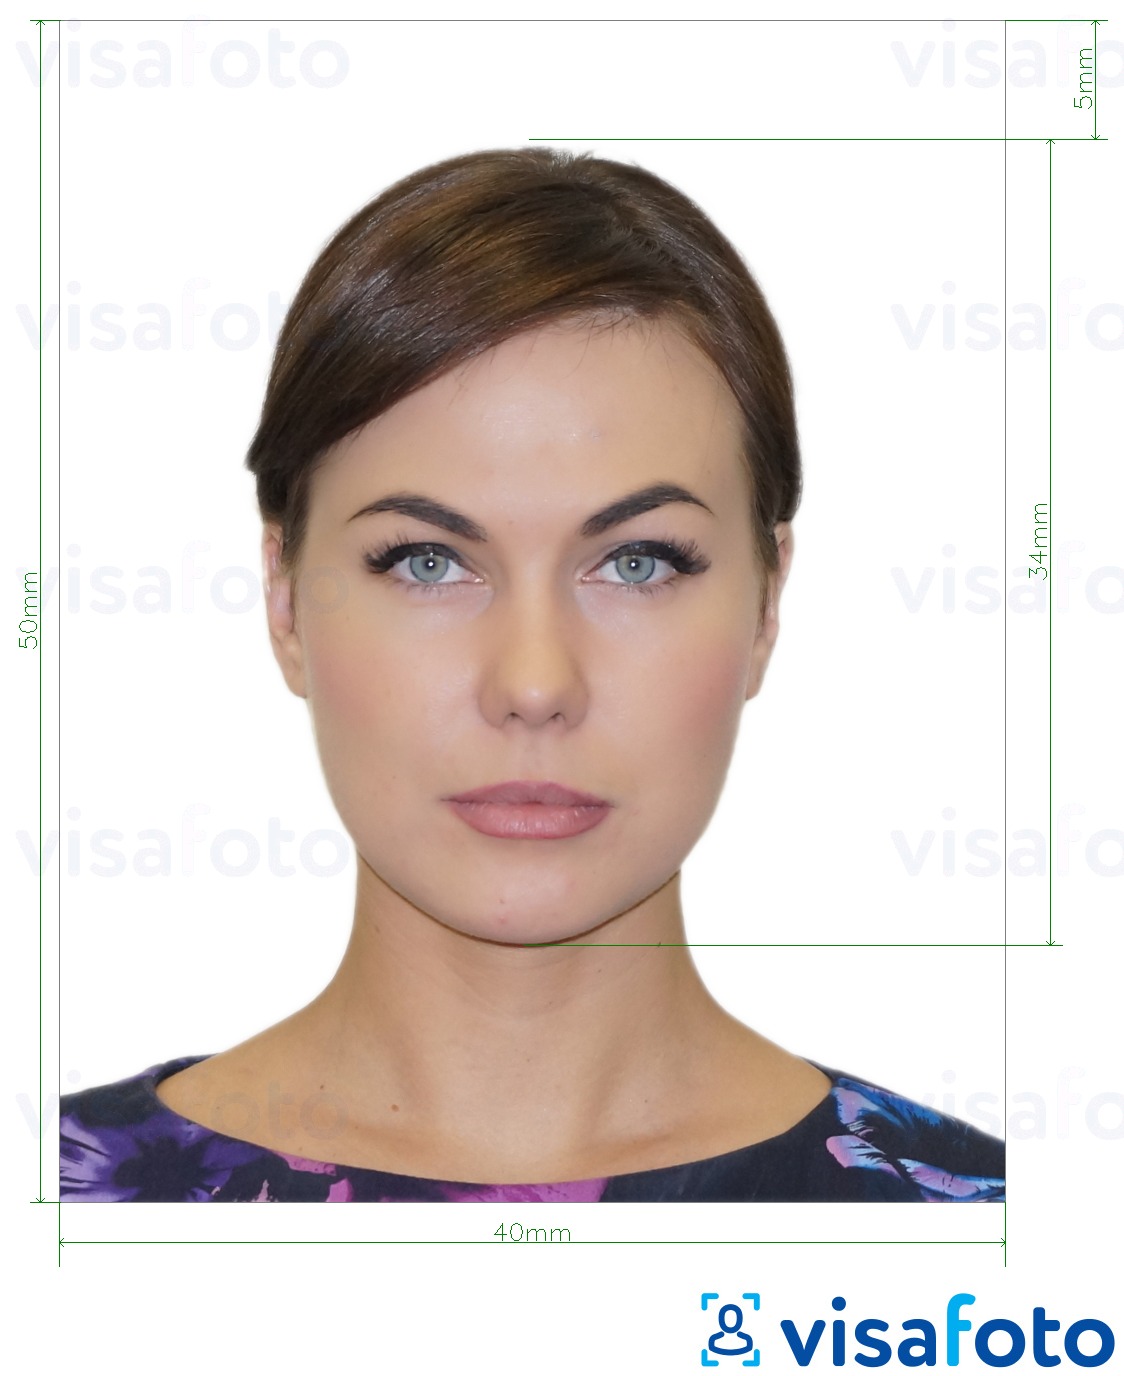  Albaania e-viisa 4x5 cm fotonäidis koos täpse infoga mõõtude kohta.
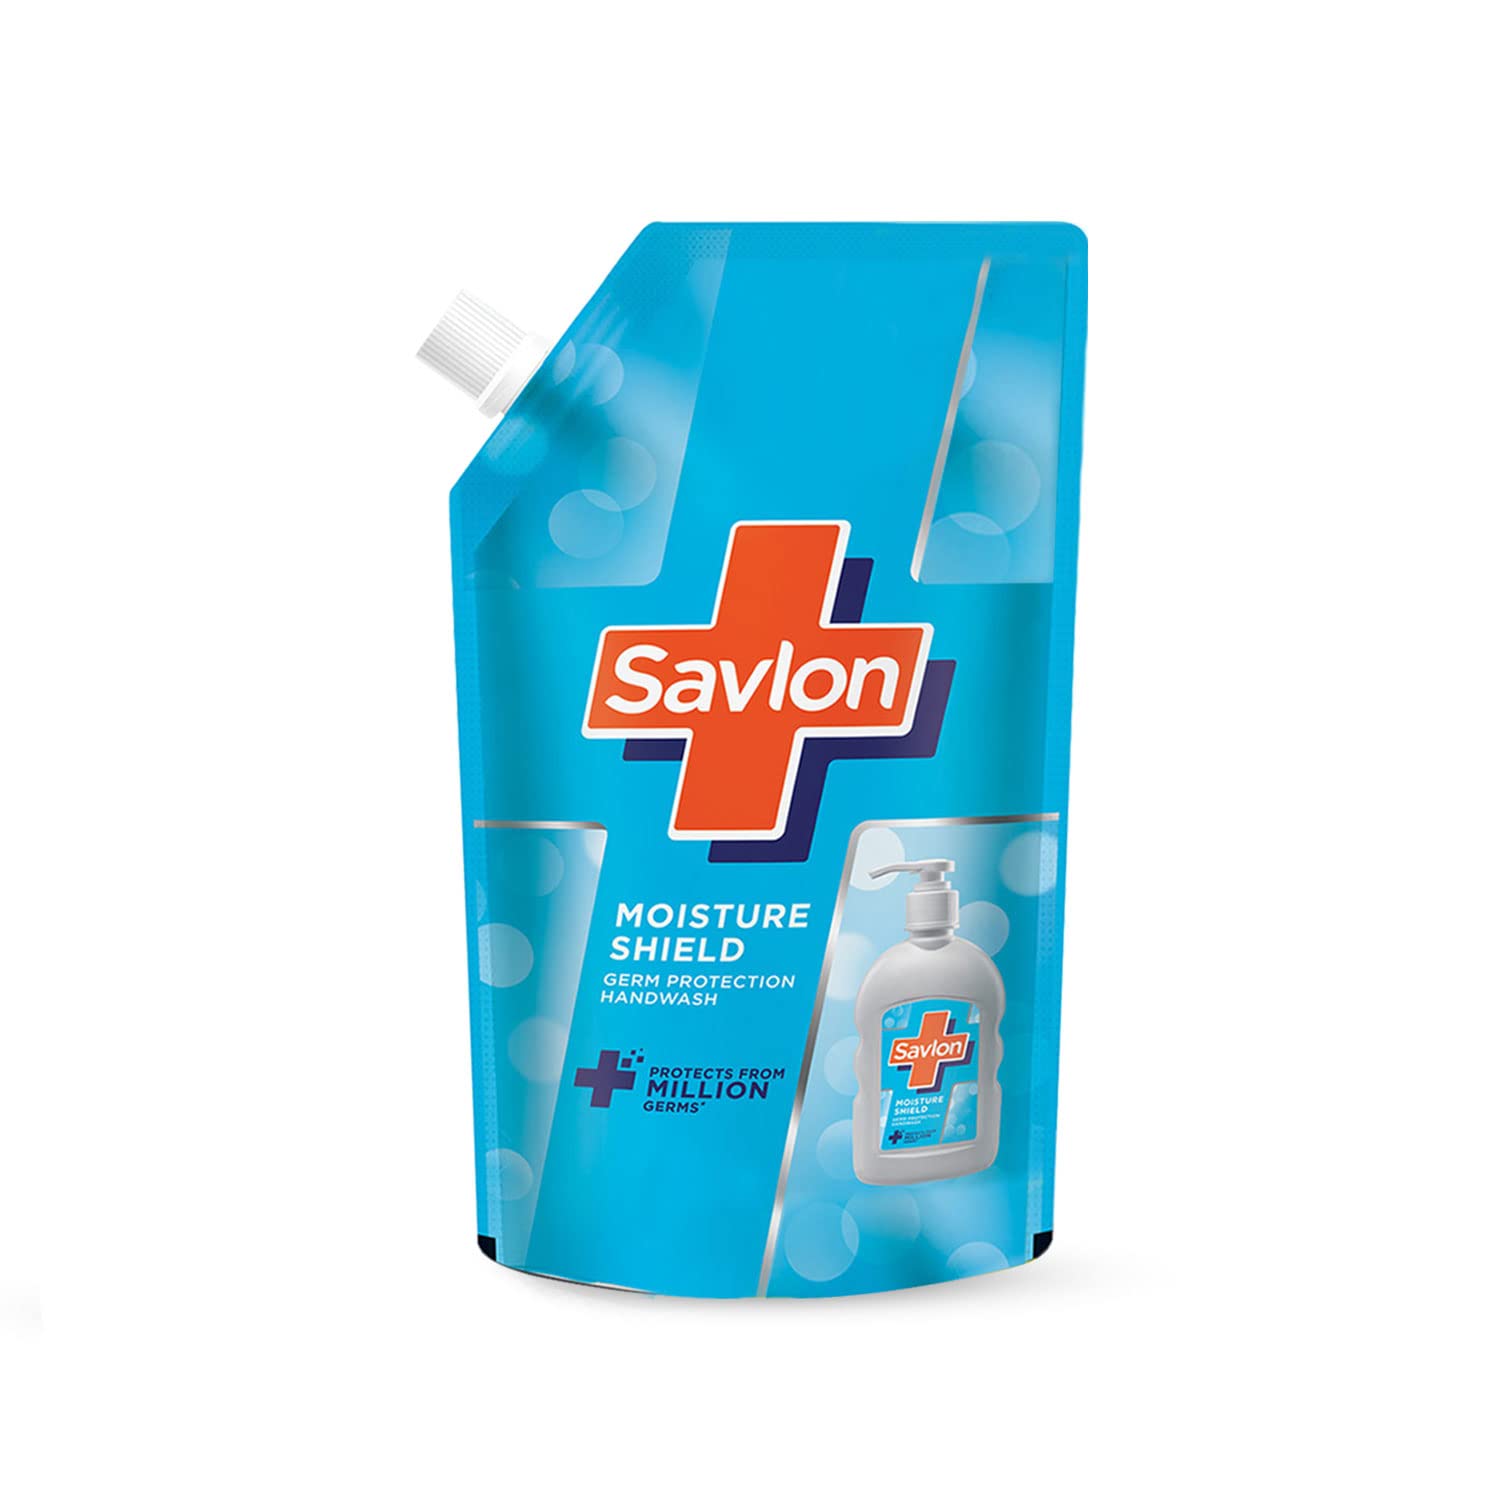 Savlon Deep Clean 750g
_ _ _ _ _
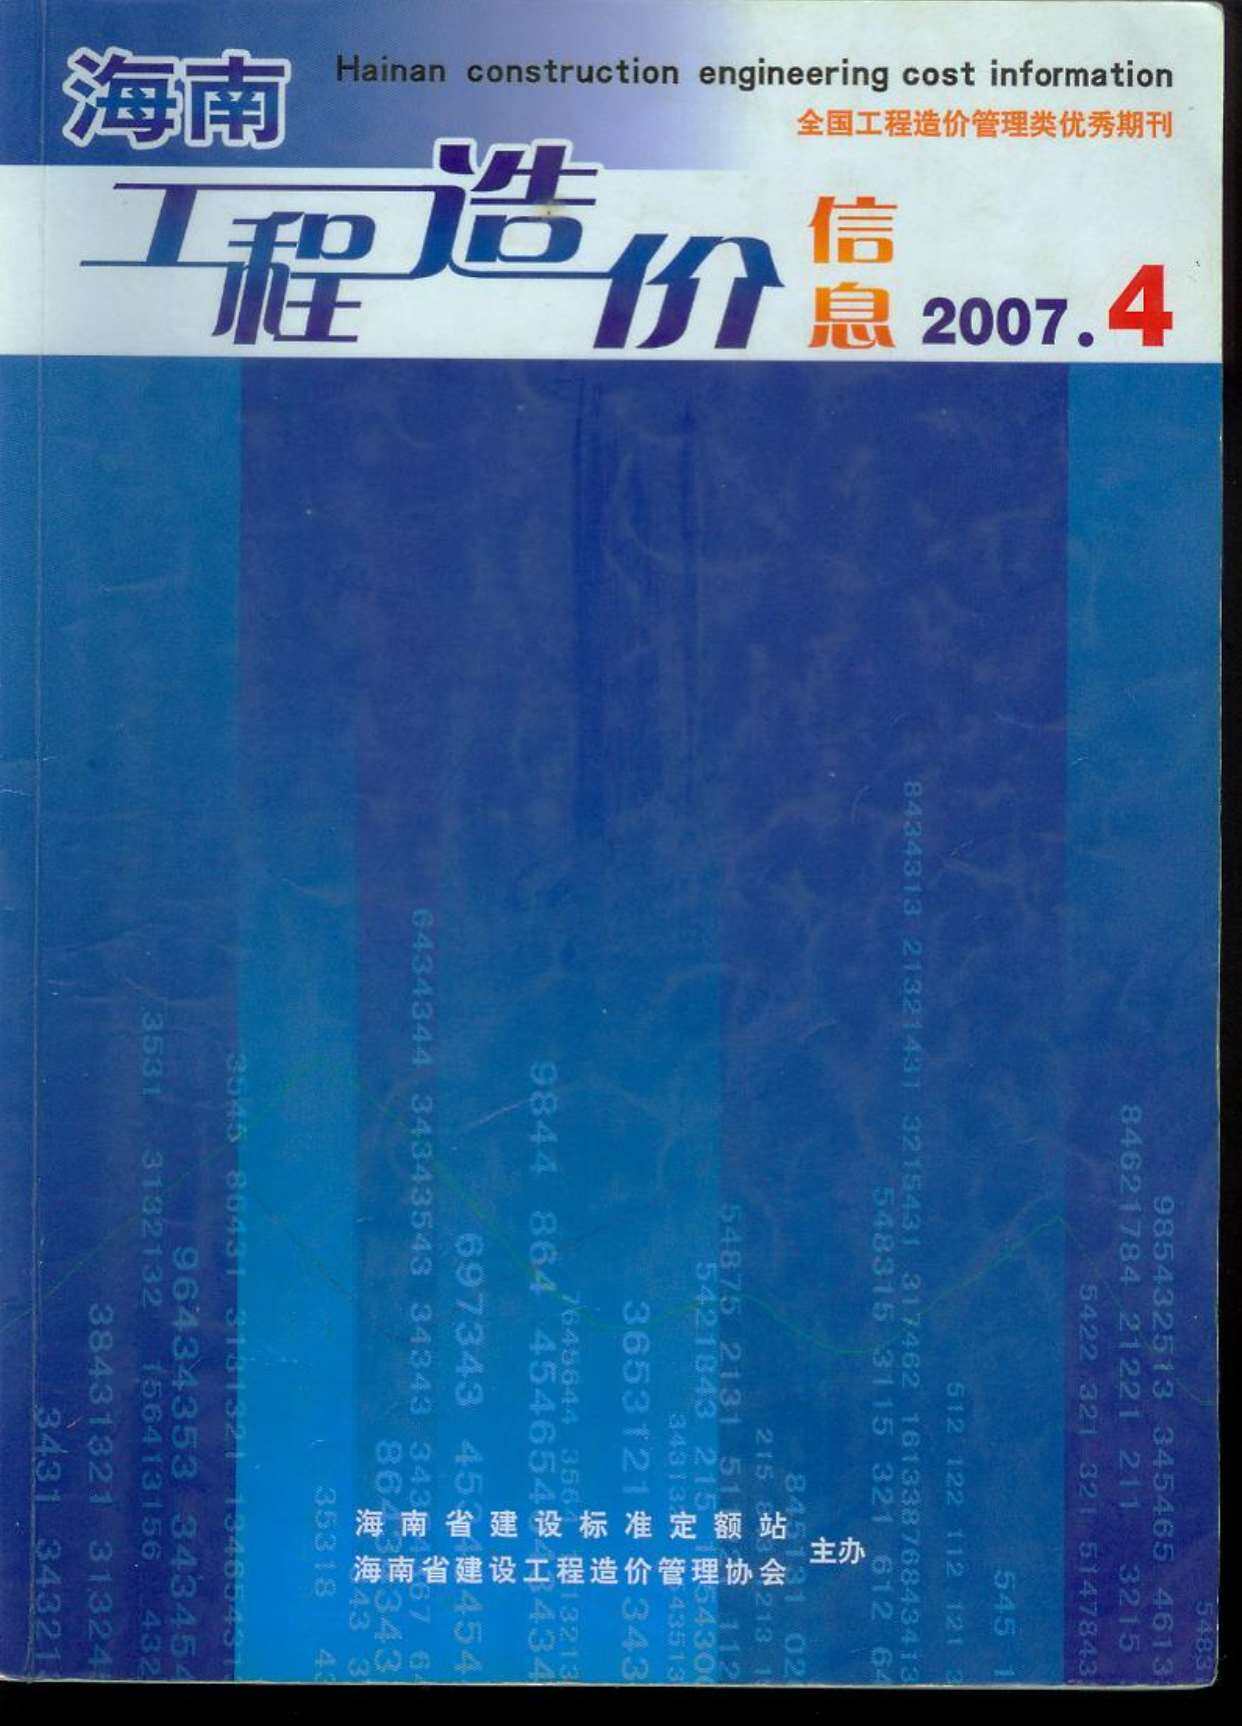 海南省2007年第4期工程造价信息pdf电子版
_ _ _ _ _
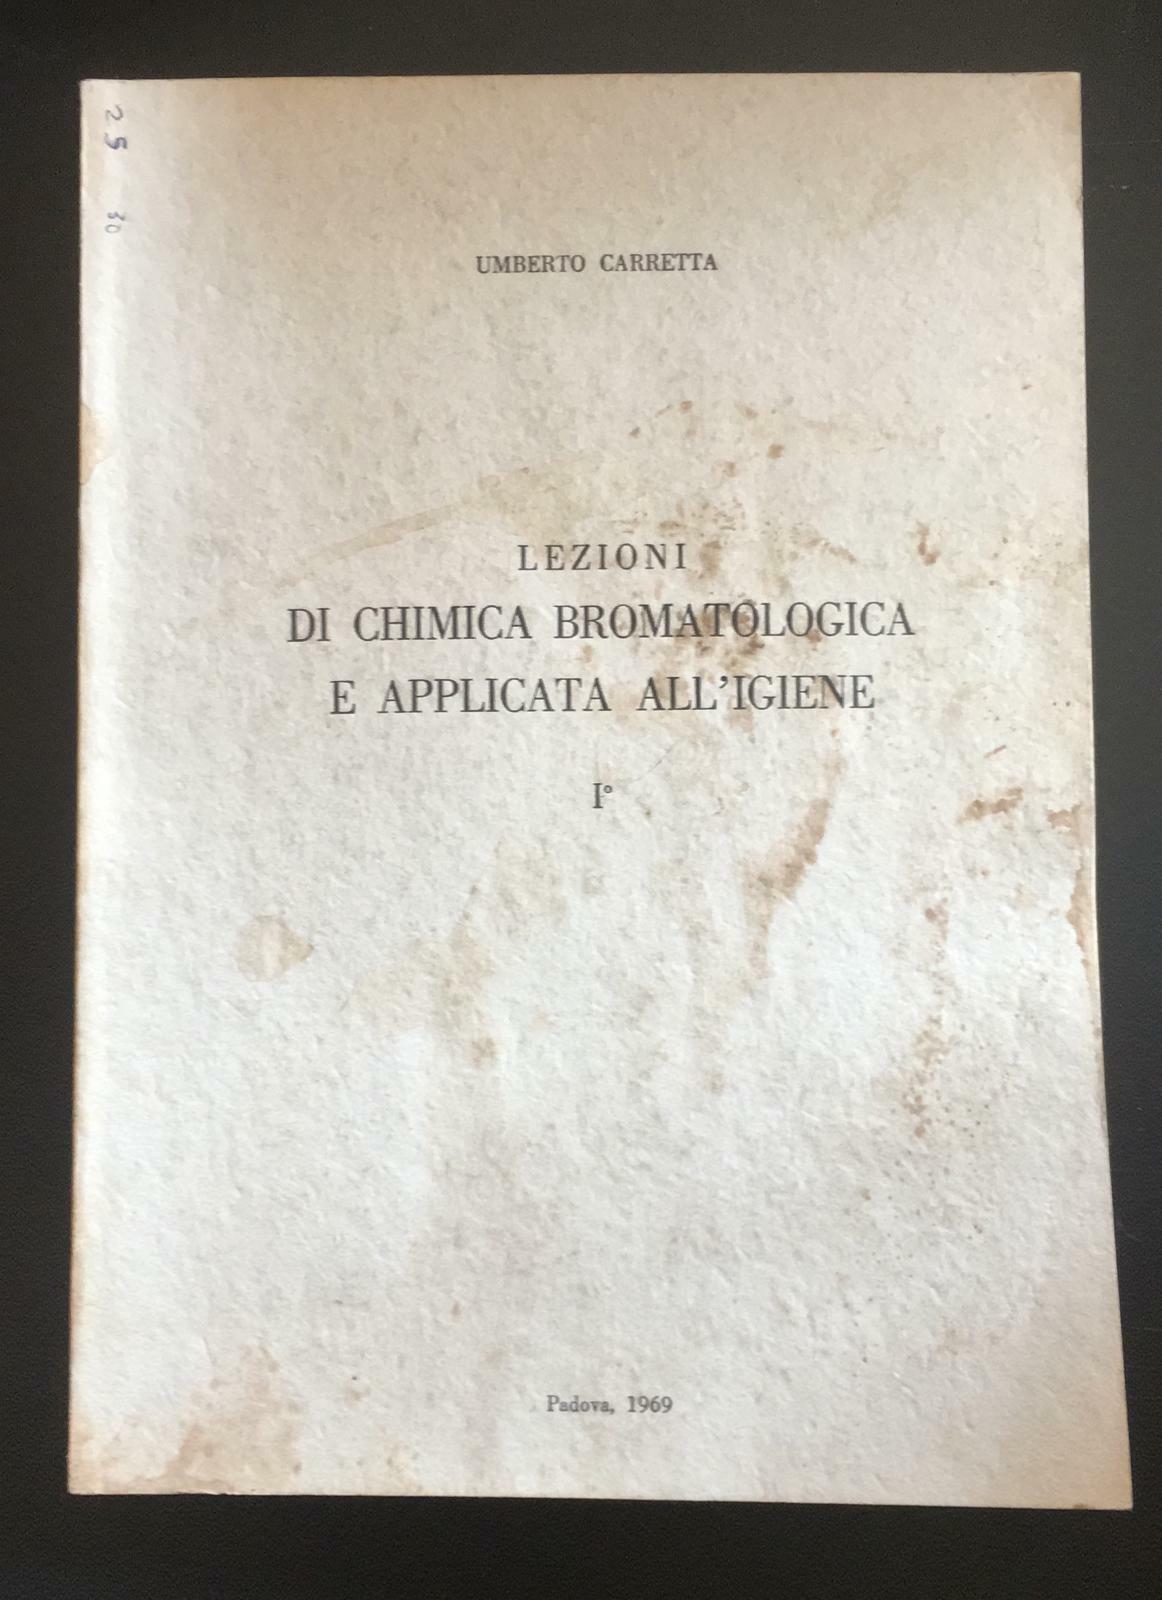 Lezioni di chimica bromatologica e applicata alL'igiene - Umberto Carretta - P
_ _ _ _ _
→ **What this task involves**:
Set down exactly the lines above, from the line containing "Albaania e-viisa 4x5" through the line containing "Savlon Deep Clean 750g". Skip the pictures.

→ **Answer to this exercise**:
  Albaania e-viisa 4x5 cm fotonäidis koos täpse infoga mõõtude kohta.
 Savlon Deep Clean 750g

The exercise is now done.